1. Newton's First Law
An object in motion will stay in motion if no other force acts on it, and an object not in motion will not move unless an outside force acts on the object. The way I understood this concept was with the example of a coffee mug on the back of a car. The coffee mug is not moving, just chilln' on the back trunk. It wants to stay that way because its too lazy to move. But, there is an outside force that acts on it: the car starts to move forward. When the car moves forward the coffee mug simply falls off because instead of moving with the car, it continues to not be in motion while the car moves. This is the coffee mugs inertia.
2. Tides
After learning about tides, we were let out for Christmas break, and I took a trip to the Maldives. Here, I saw the concept of tides all around me (literally all around me, the island was only 500 m both ways). The tides change 4 times a day because the earth is rotating and all parts of the earth are either feeling the attracting, or not feeling it, towards the moon.

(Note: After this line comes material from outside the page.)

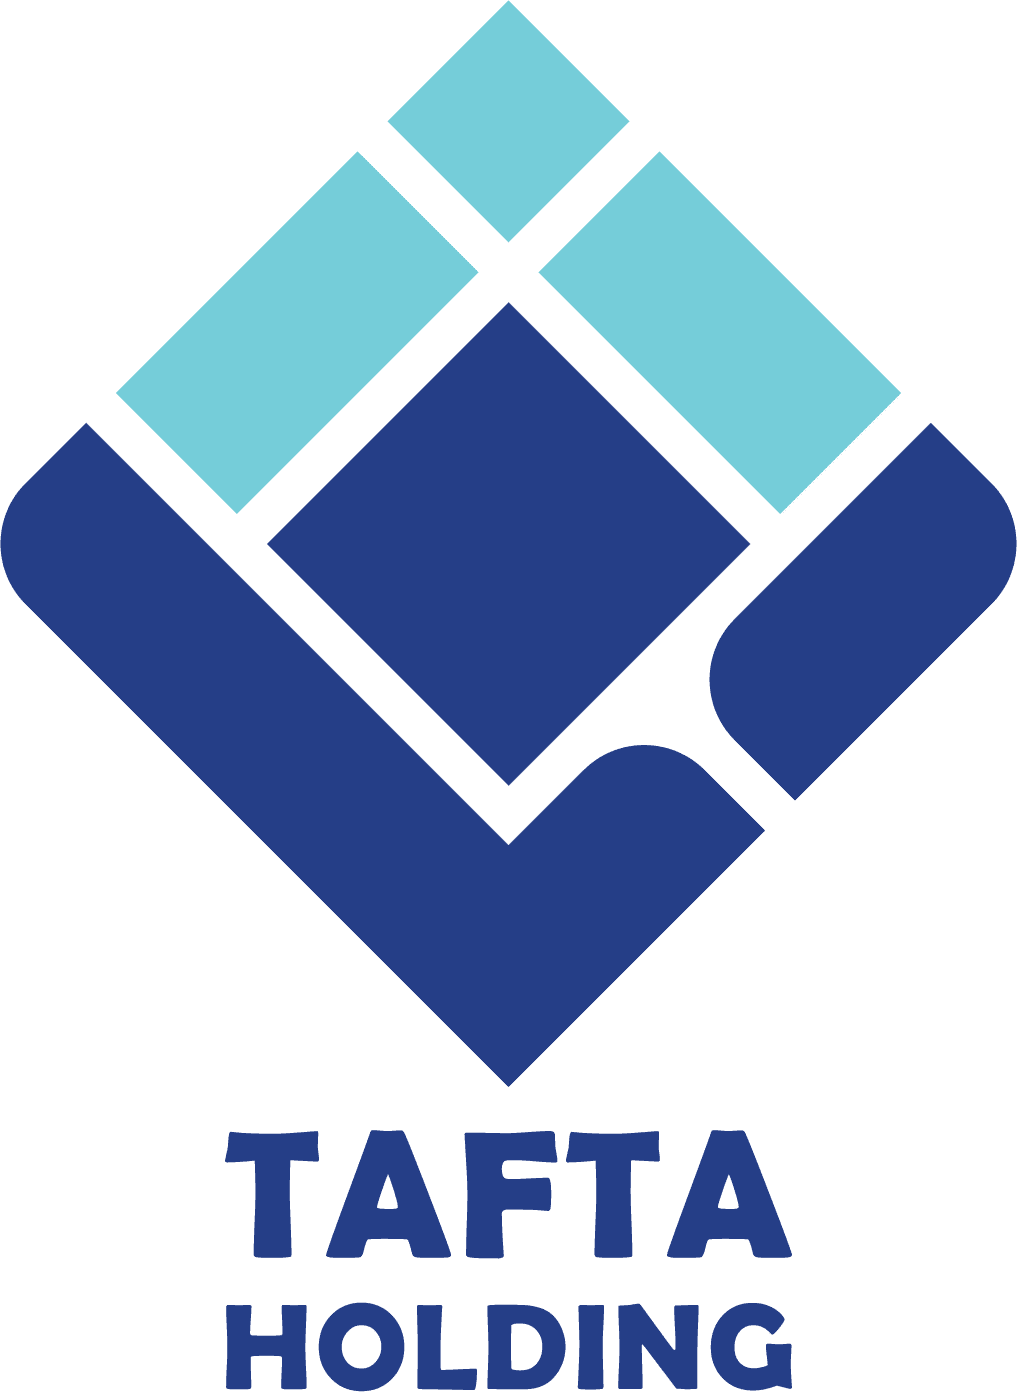 introduction of Tafta

This is why opposite sides of the earth feel it at the same time: They are aligned with the direct force from the moon, therefore the water becomes concentrated in those sides, while the sides of the earth that don't feel the force, have low tide.
3. Newton's Third Law
His third law states that for every action there is an equal and opposite reaction. I saw this in my own life during this soccer season. When I went to shoot a goal, I was not only kicking the ball and because it was put in motion, was forced to move. The force went both ways: foot hits ball, ball hits foot. While learning about Newton's third law, we learned about how a horse and carriage works. We knew that for every action there is an equal and opposite reaction, so we could conclude that both the horse and carriage pull each other with equal forces. The reason the horse and carriage are able to move forward is because the horse pushes the ground harder than the carriage does.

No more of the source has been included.